### What you need to do
When you write out the listing, keep each word exactly as it stands but include none of its images.

### Dataset content
- Opening Delimiter -
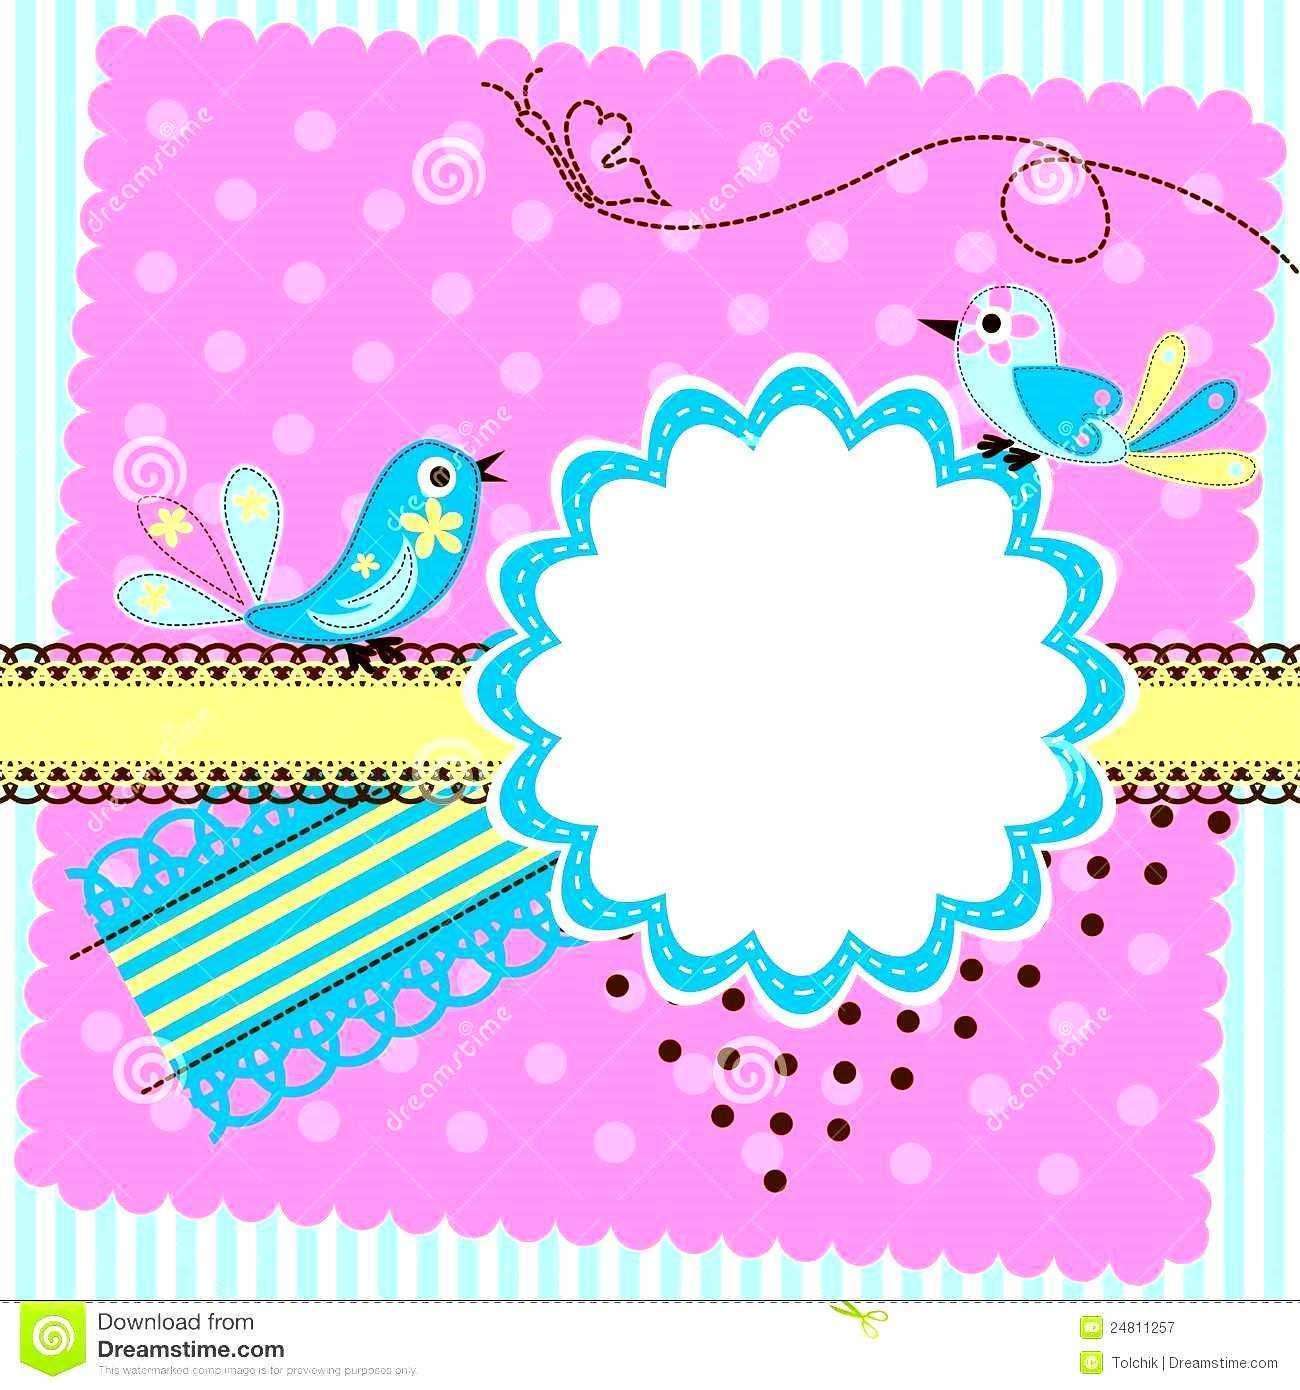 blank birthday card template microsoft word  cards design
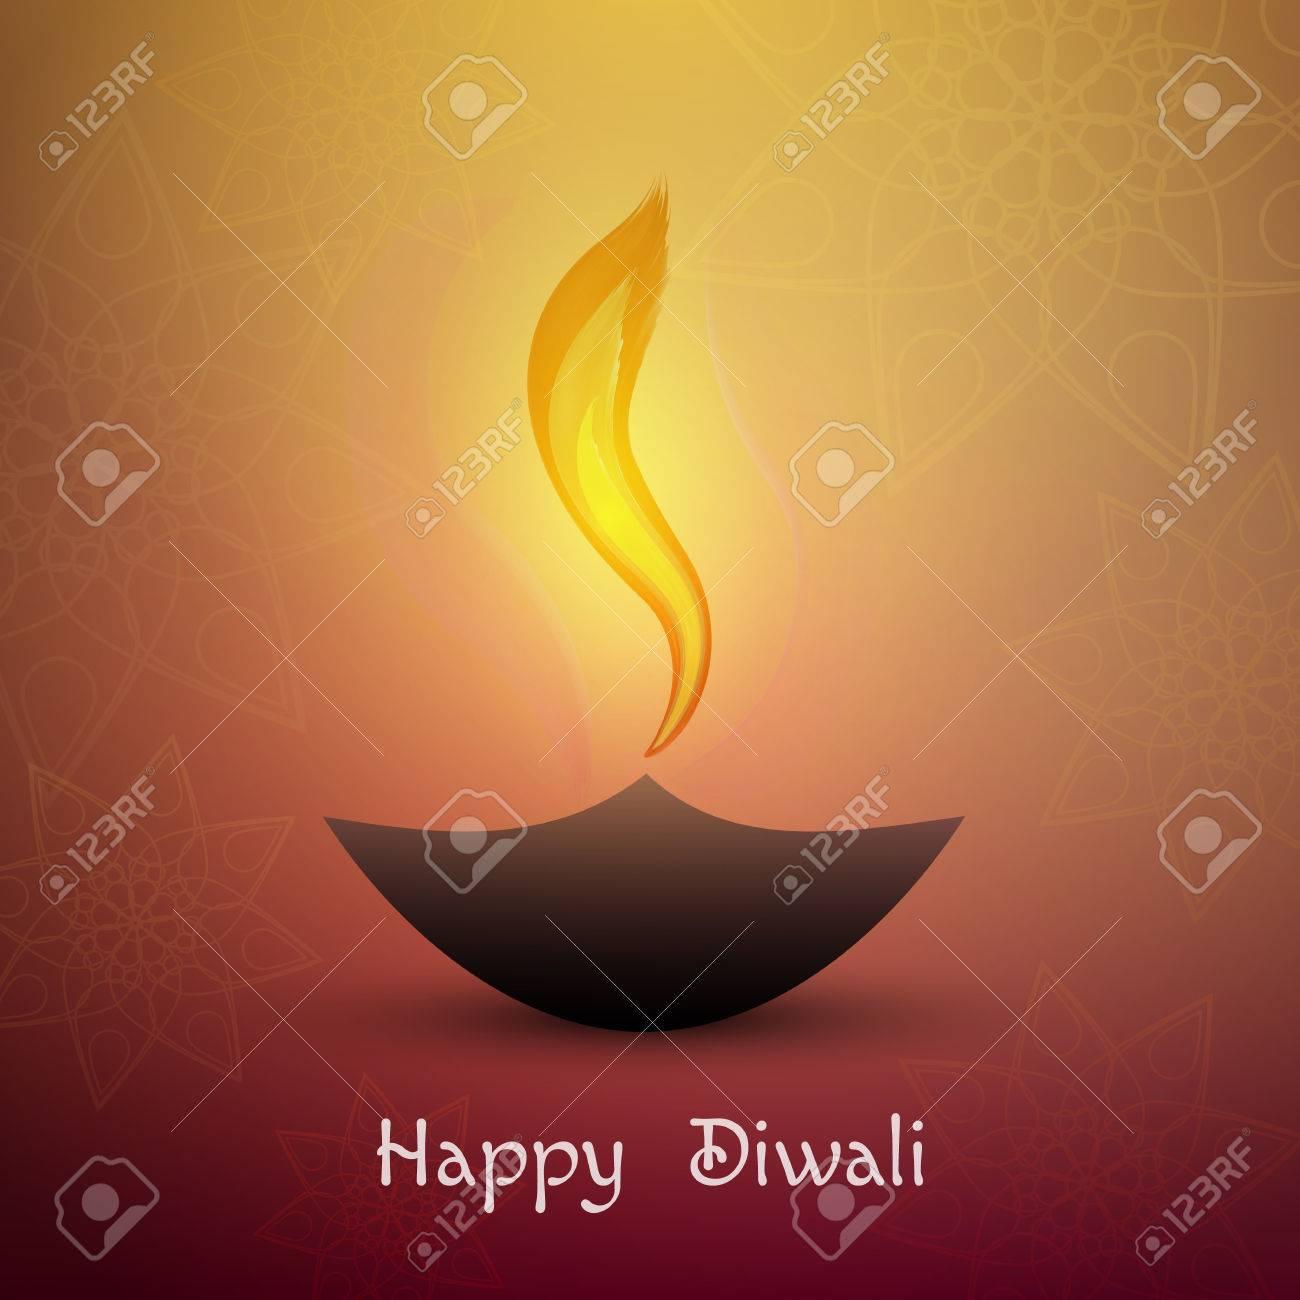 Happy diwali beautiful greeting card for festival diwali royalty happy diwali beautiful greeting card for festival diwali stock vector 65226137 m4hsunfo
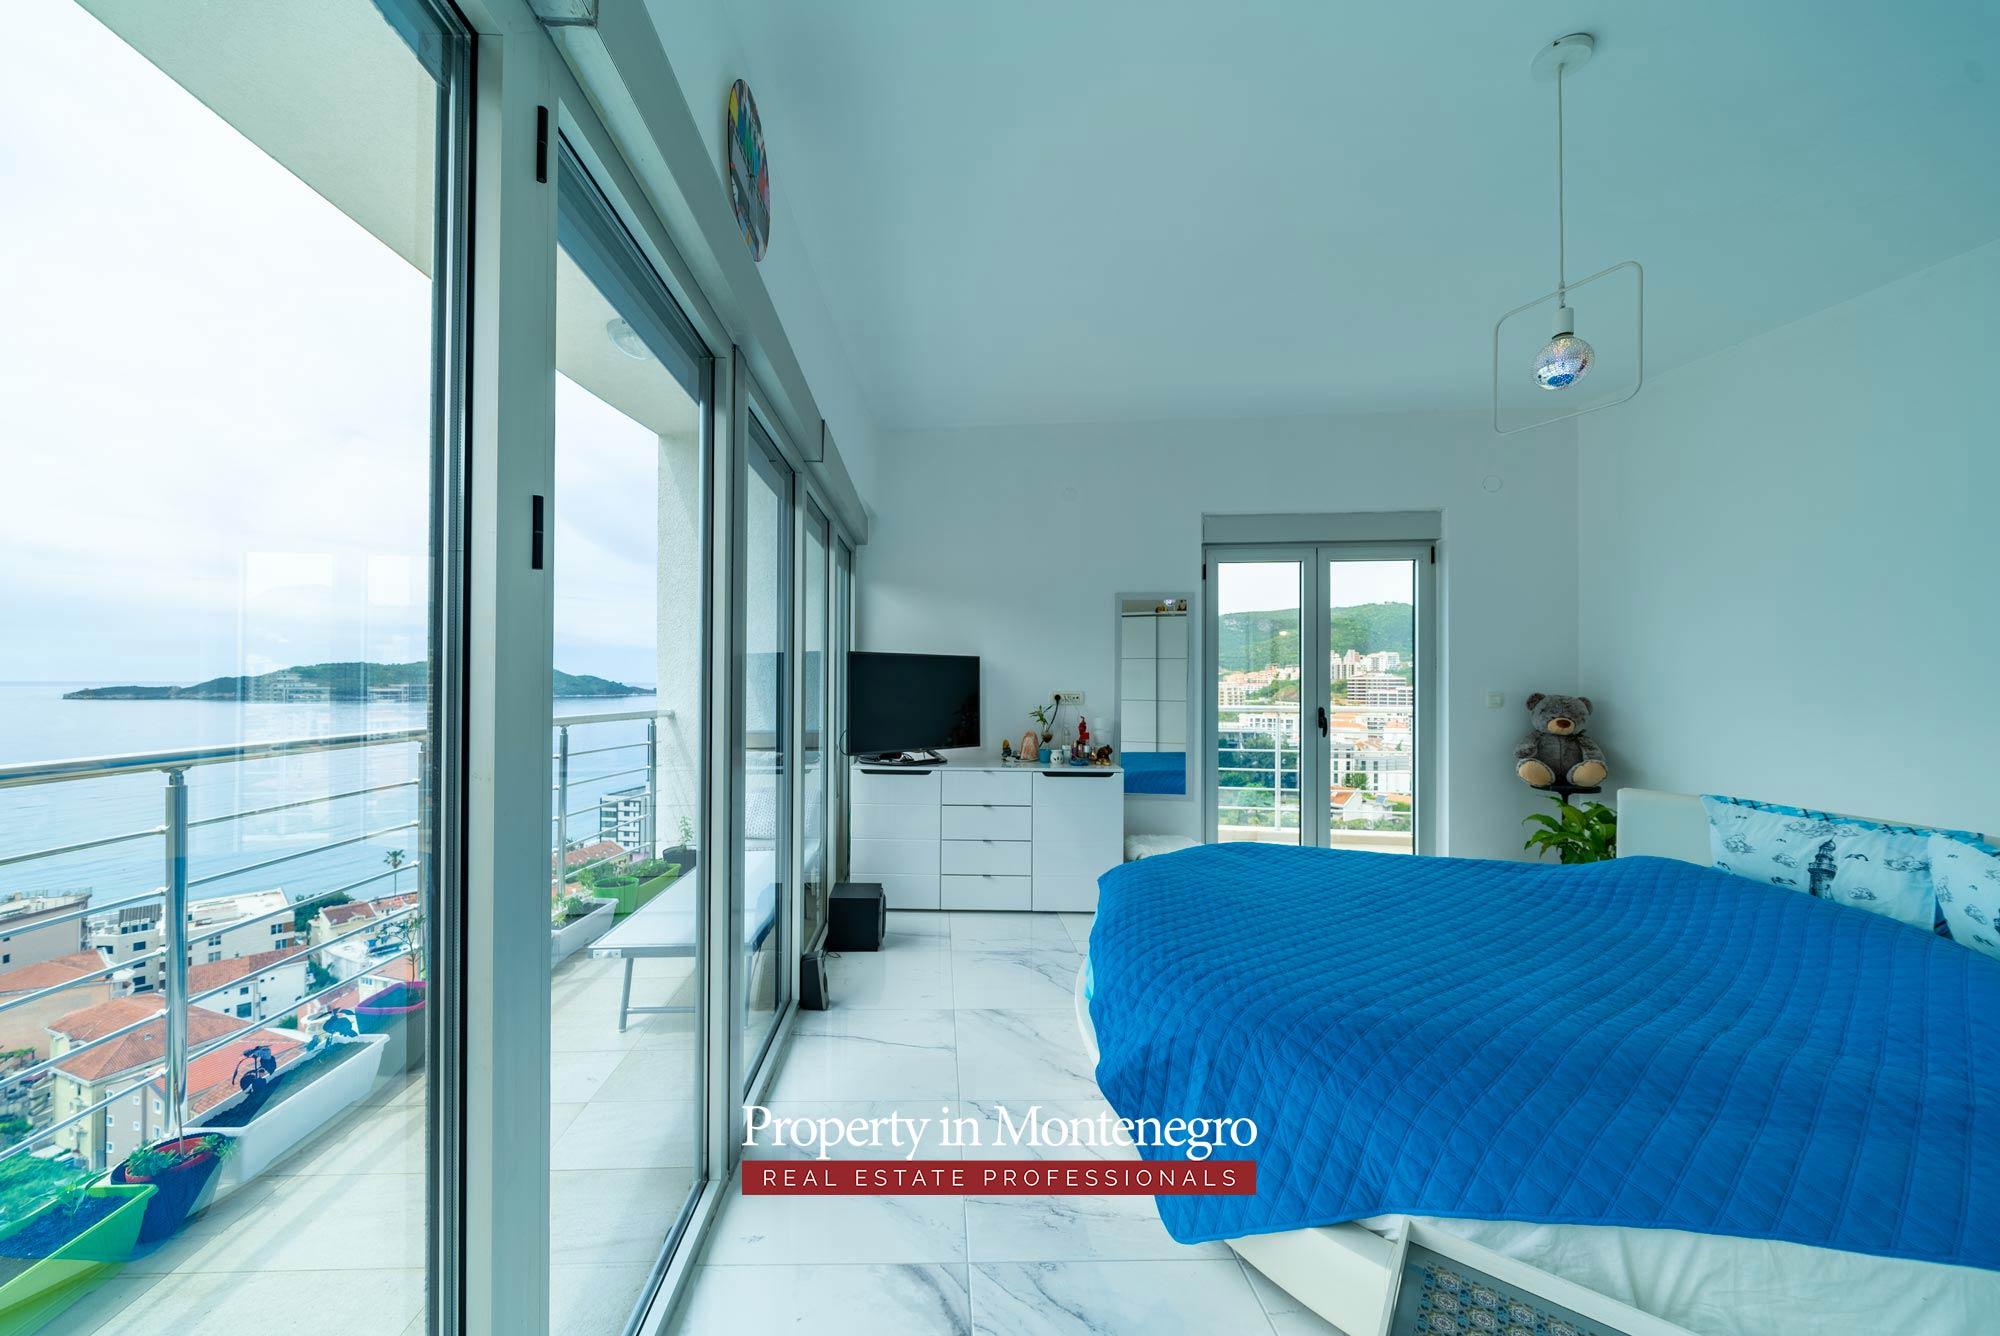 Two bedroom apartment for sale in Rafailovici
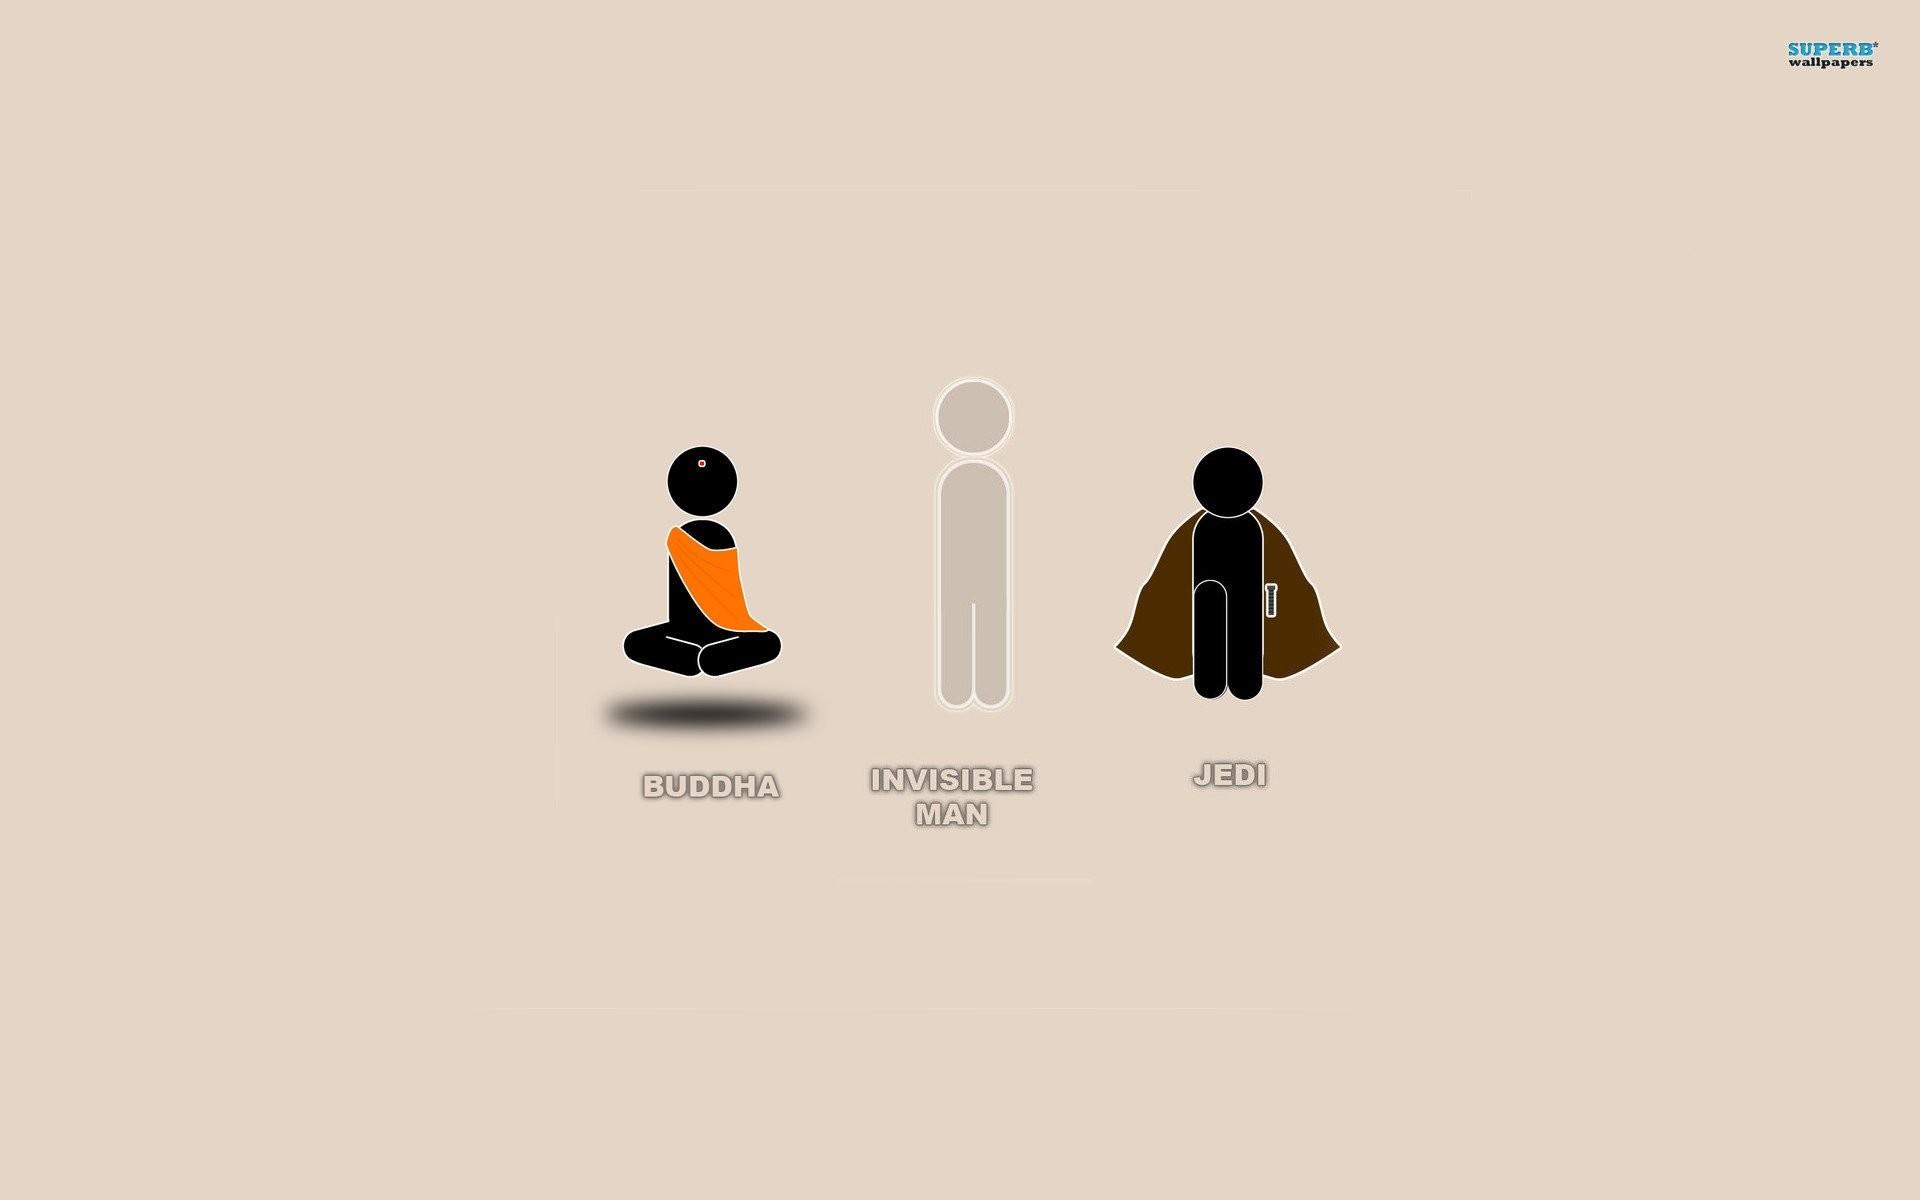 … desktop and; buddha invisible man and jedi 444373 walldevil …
- Closing Delimiter -
### Task result
 blank birthday card template microsoft word  cards design
 Happy diwali beautiful greeting card for festival diwali royalty happy diwali beautiful greeting card for festival diwali stock vector 65226137 m4hsunfo
 Two bedroom apartment for sale in Rafailovici
 … desktop and; buddha invisible man and jedi 444373 walldevil …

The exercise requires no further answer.